反転学園~超教師級のダメ侍と超高校級のバカ達の物語~ 作:オゼル
作者の八つ橋うい郎さんには許可を取っています。
U社の事件が合ったその翌日
学園の体育館には小等部、中等部、高等部までの生徒と全教師が集まっていた
銀時「はぁ、何で今どき全体集会なんかやらなくちゃいけねえんだよ?」
そんな中、高等部2年Z組 担任の坂田銀時はため息交じりに突然の全体集会に愚痴を吐いた
千冬「私語は謹んだ方が良いぞ坂田先生、今日は学園長が生徒達に顔を見せるんだからな」
その横で高等部1年A組の担任、織斑千冬が銀時を注意する
銀時「てか、大丈夫なのか?絶対ラギの野郎暴走するぞ」
千冬「大丈夫だ、学園長はそこまで短気ではない」
銀時「だったら良いけどな」
そんな話を二人がしている間に全体集会が始まり学年主任の鉄人こと西村宗一が教壇の前に上がった
鉄人「さて、突然集会を開いた分けだが、今日は不祥事でこの学校を去った高等部校長、バ…ハタ校長の後任として外部からわざわざある方が赴任して下さった」
鉄人の言葉に若干、生徒達がざわめいた
鉄人「静かに、赴任した校長の紹介は我が学園の学園長に紹介していただく」
鉄人の“学園長”の言葉にざわめきはさらに大きくなった
明久「確か学園長って100歳を超えたおじいちゃんだったはずだよね?」
雄二「ああ、大丈夫なのか?そんな奴呼んで?」
鉄人が担当する2年A組の吉井明久と坂本雄二がそんな話をすると
鉄人「ではラギ学園長、後はお任せします」
鉄人が離れると、ラギがゆっくりと生徒達の前に姿を見せた
ラギ「おはよう生徒諸君」
雄二「なっ!?」
明久「あれが?学園長?」
大和「どう見ても100歳の爺さんに見えねえぞ?」
学園長を100歳を超えた老人と思っていた生徒達はラギの顔を見て驚いた
ラギ「私がこの学園の学園長でありこの学園の創設者でもあるナテル・ラギだ、私をはじめて見る生徒がほとんどだと思うが、私の姿を見て驚いた子もいるだろう」
唖然としている生徒達を尻目にラギは淡々と語り続ける
ラギ「さて、色々と聞きたい事はあると思うが、まずは新しい校長をお呼びしよう…それと喜べ、赴任する校長の本職はメイドだ」
ラギのその一言で体育館の中が静まり返りその直後、歓声(ほぼ男子)が響き渡り、一部の男子生徒と女子生徒はメイドが教師…しかも校長になるという奇妙な出来事に首を捻る。
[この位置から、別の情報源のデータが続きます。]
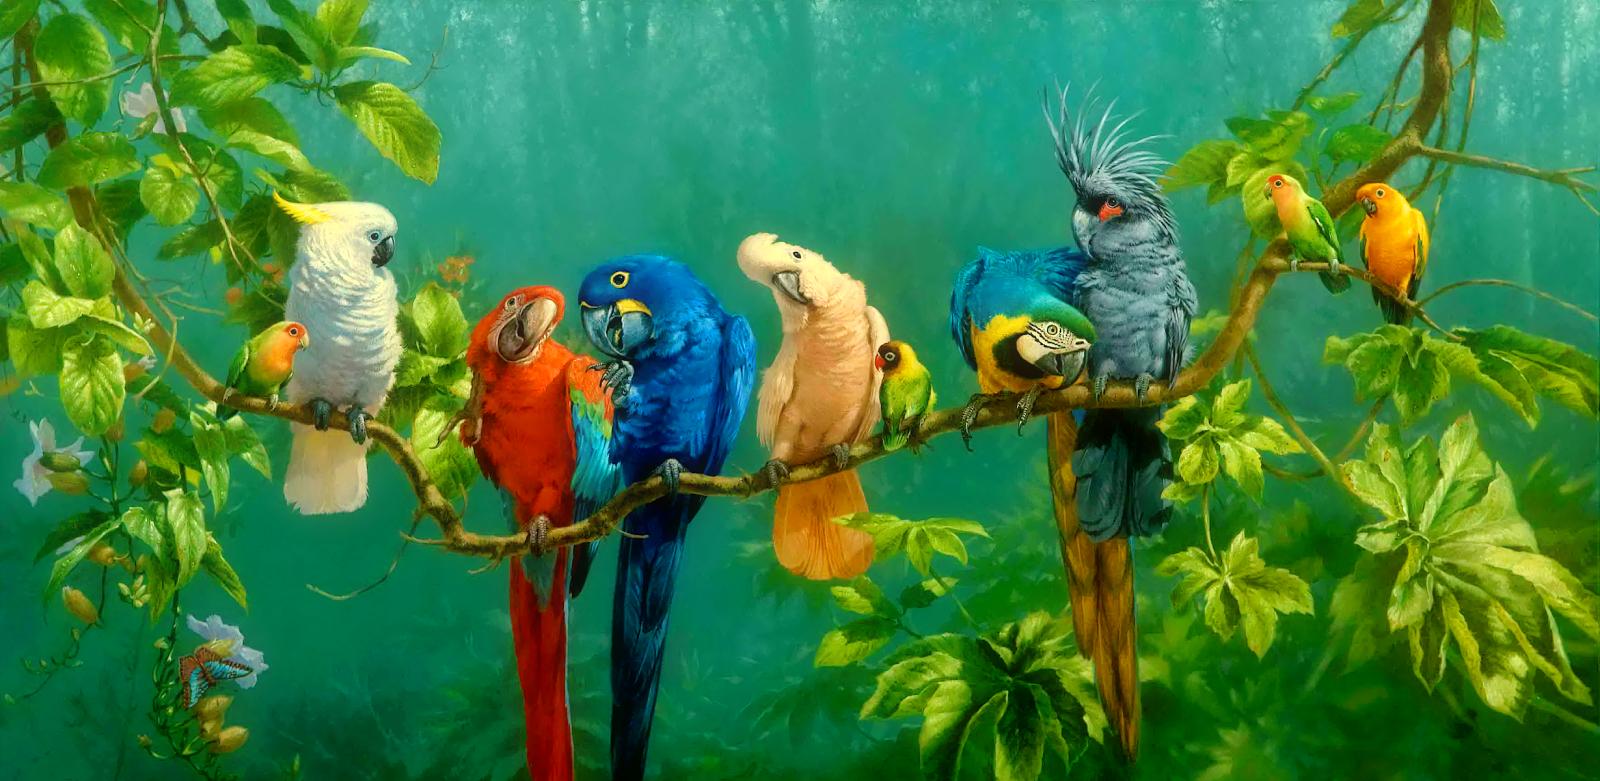 Fond ecran gratuit printemps animaux fonds d 39 cran hd for Fond ecran animaux hd
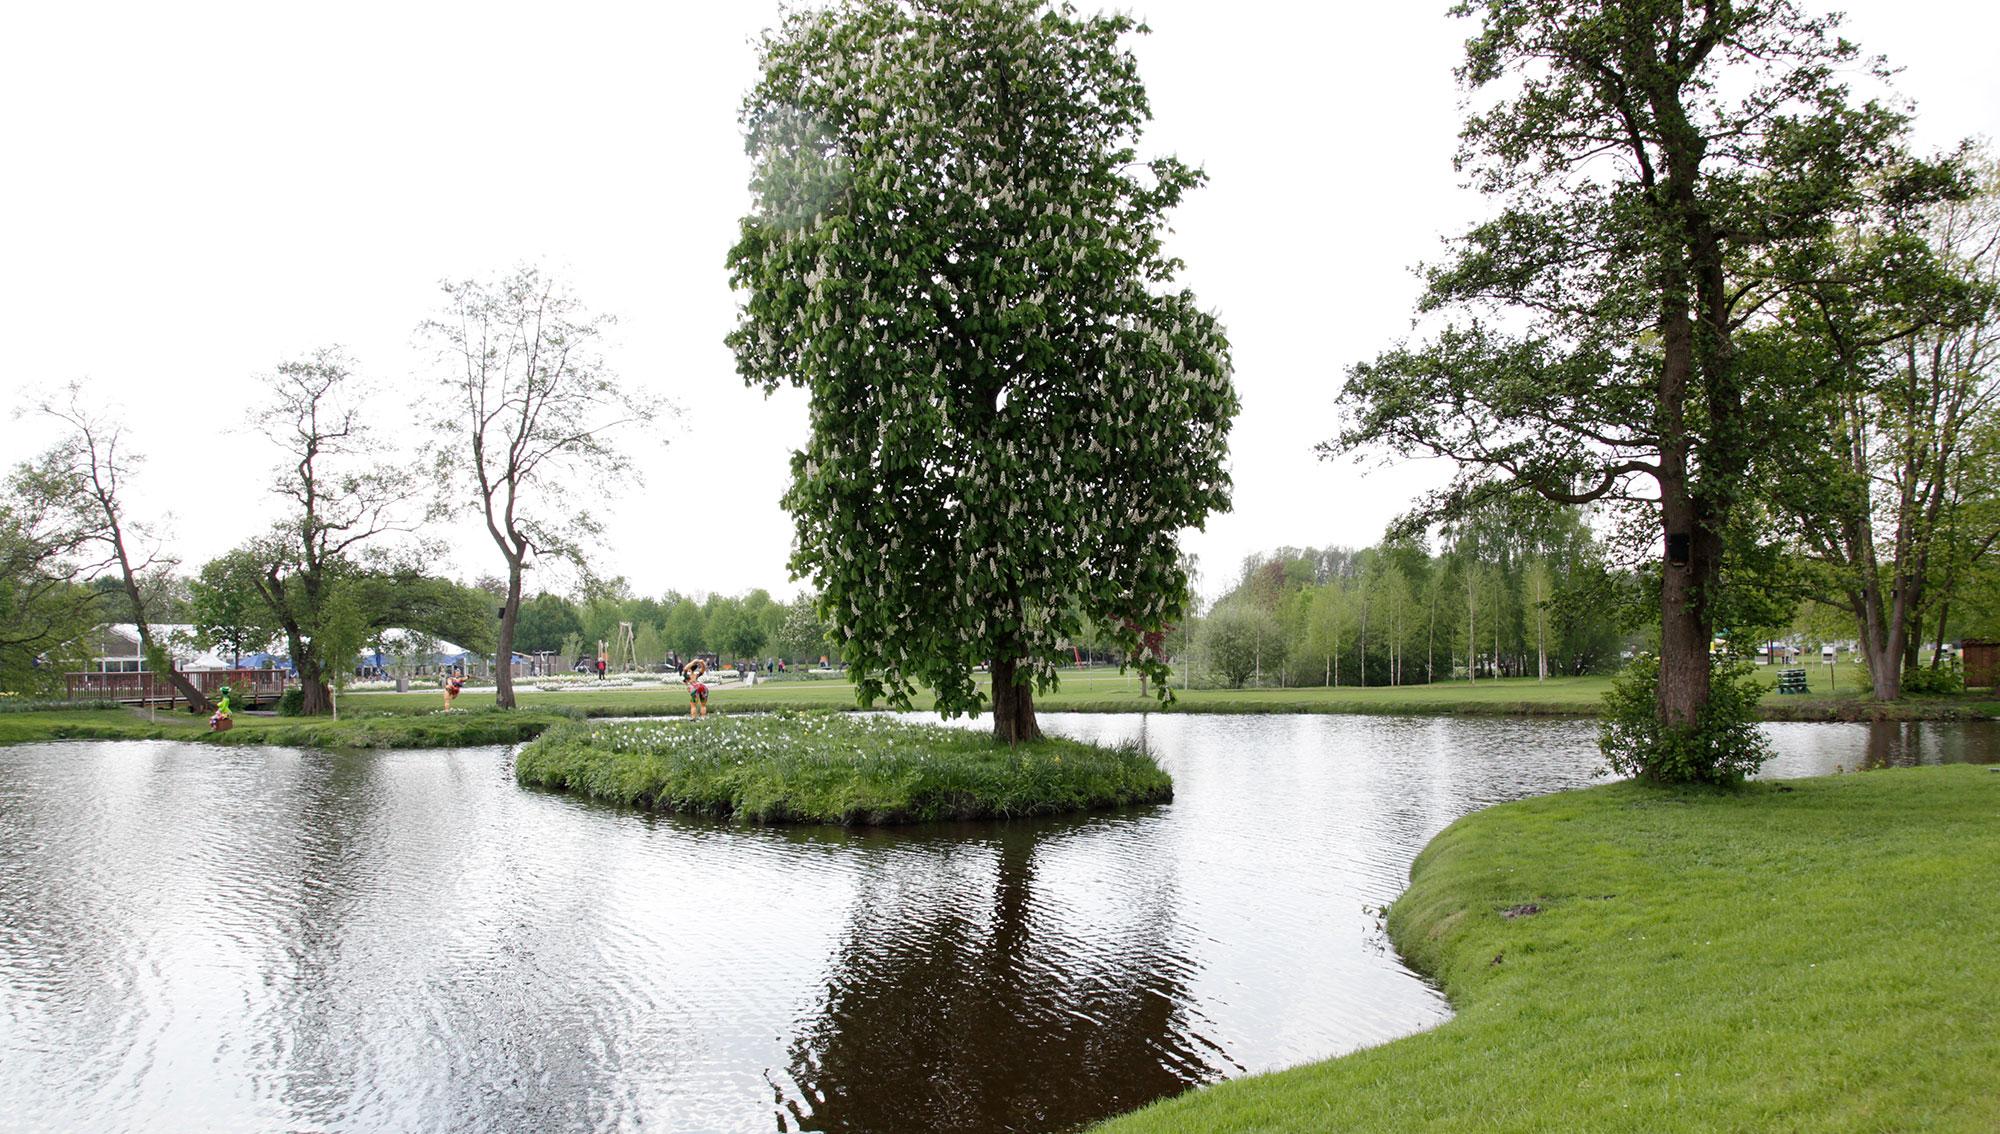 Rmp stephan lenzen landschaftsarchitekten stadtpark papenburg - Rmp landschaftsarchitekten ...

静まれ!、鉄人と他、教師達の一喝で静寂が戻った……が、生徒の目(男子)には欲望が渦巻きまくっていた
「それでは、先生どうぞ」
赴任校長が姿を現した時、先程よりは控えめな歓声が上がる。が、新任校長の全貌が明らかになった瞬間、生徒達が凍りついた。頭を飾るはフリルの着いたホワイトブリム、身に纏うはロングスカートが清楚さを感じさせるヴィクトリアン調メイド服。格好は紛うことなきメイドである。だが、その格好をしている者が問題なのだ。
顔の上半分をホワイトブリムと同化した仮面で覆い、大きな口の中にはサメの如く尖った純白の歯が。漆黒のマニキュアが塗られた両手の爪は鋭く尖り、無造作に伸ばされた腰まで届く髪は心なしか触手のように蠢いているように見える。それら全てを併せ持っているのは、筋骨隆々な体躯の“大男”
「初めましてだ諸君!!」
低く渋い、しかしよく通る声を轟かせ大男は、親指で自身を指し示して高々と名乗りを上げた。